The Guidance also appears to be part of this movement. Historically, Chinese authorities have prosecuted the bribe recipient, not the briber giver.75 However, the Guidance’s clear focus, as stated in its introduction and apparent throughout, is on the bribe giver.76 The Guidance, therefore, seems to mark a broadening shift in how China intends to enforce its anti-bribery legislation, at least in the criminal context.
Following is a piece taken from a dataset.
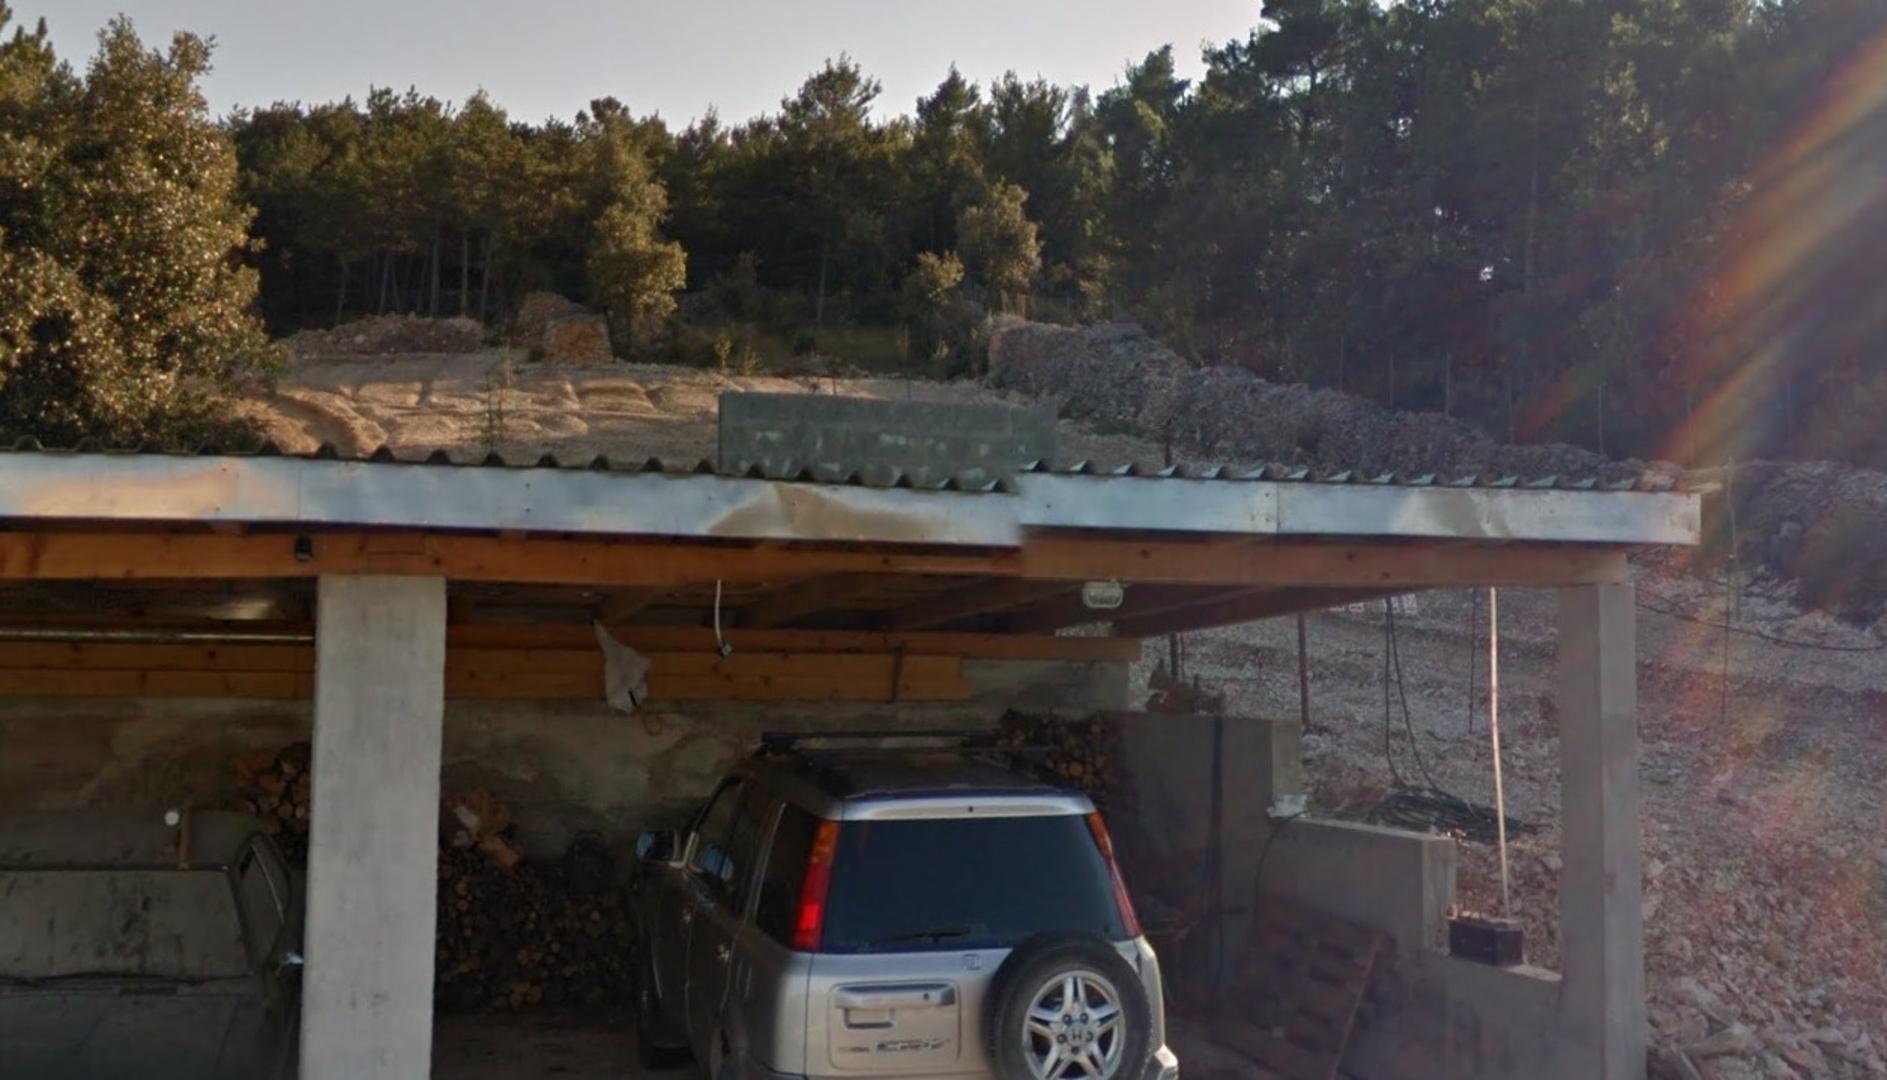 Snimke vile i parcele s nadstrešnicom za vozila od studenoga 2011. pokazuju kameniti “pašnjak” tada još bez staje

The Chinese government also seems to be taking action on the cultural side. For instance, in February 2013, the Chinese government banned the airing of advertisements suggesting gift-giving before the lunar new year.77 The rationale is that encouraging people give expensive gifts to bosses sends the wrong message to a society that is battling widespread corruption.78 The Chinese jewelry industry estimates that one-third of all luxury goods in China are purchased as gifts, and one-tenth of them are used as bribes.79
Critics point out that the government’s efforts so far have focused primarily on cases that are high-profile because of their scandalous and salacious nature, but in fact primarily involve low- to middle-level officials.80 It seems they are catching more “flies,” albeit flashy ones, than they are “tigers,” which may indicate a form over substance approach to enforcement, and that the current efforts are really more for show.
Moreover, many of the government officials under current scrutiny or prosecution were identified through individual whistleblowers using an anonymous microblogging system called Weibo.81 However, a relatively new Chinese law, presented and passed in a matter of days, now requires Internet users to register under their real names.82 Although the law’s apparent purposes are to reduce Internet scams and spam email, and to “protect the public from baseless and libelous accusations,” it also has the effect of blunting the effectiveness of Weibo by forcing users to reveal their identities.83
What This All Means for Multinationals in China
Layered on top of the already aggressive enforcement efforts by the U.S. government against corrupt conduct taking place in China, ample evidence now exists to conclude that there is a strong, new domestic focus on anti-corruption in China as well. This new focus has manifested in new legislation, new legal guidance, multiple declarations from the current regime of intent to combat corruption, multiple current investigations and prosecutions of Chinese government officials, and even an attack on the culture of bribery through the banning of lunar new year gift advertising. Criticism and skepticism of the sincerity and motivation of this new anti-corruption directive appear to be well-founded, but that might not create much comfort for multinationals facing the current Chinese anti-corruption environment — nor should the apparent general lack of current enforcement activity directed at multinationals.
In fact, the apparent new zeal for corruption prosecution — especially for high-profile cases that provide an element of scandal or intrigue — combined with an uneven enforcement history and the lingering culture of corruption itself, would seem to make for a particularly high-risk environment. A prosecution motivated by corruption or a desire to make a show can be even more dangerous and carry harsher penalties than a legitimately motivated prosecution. If Matthew Ng’s side of the story is true, his circumstances provide a prime example of that. Indeed, the anti-bribery climate in China seems particularly perilous at the moment, and although multinationals do not currently seem to be principal targets, it would be wise to avoid being the first.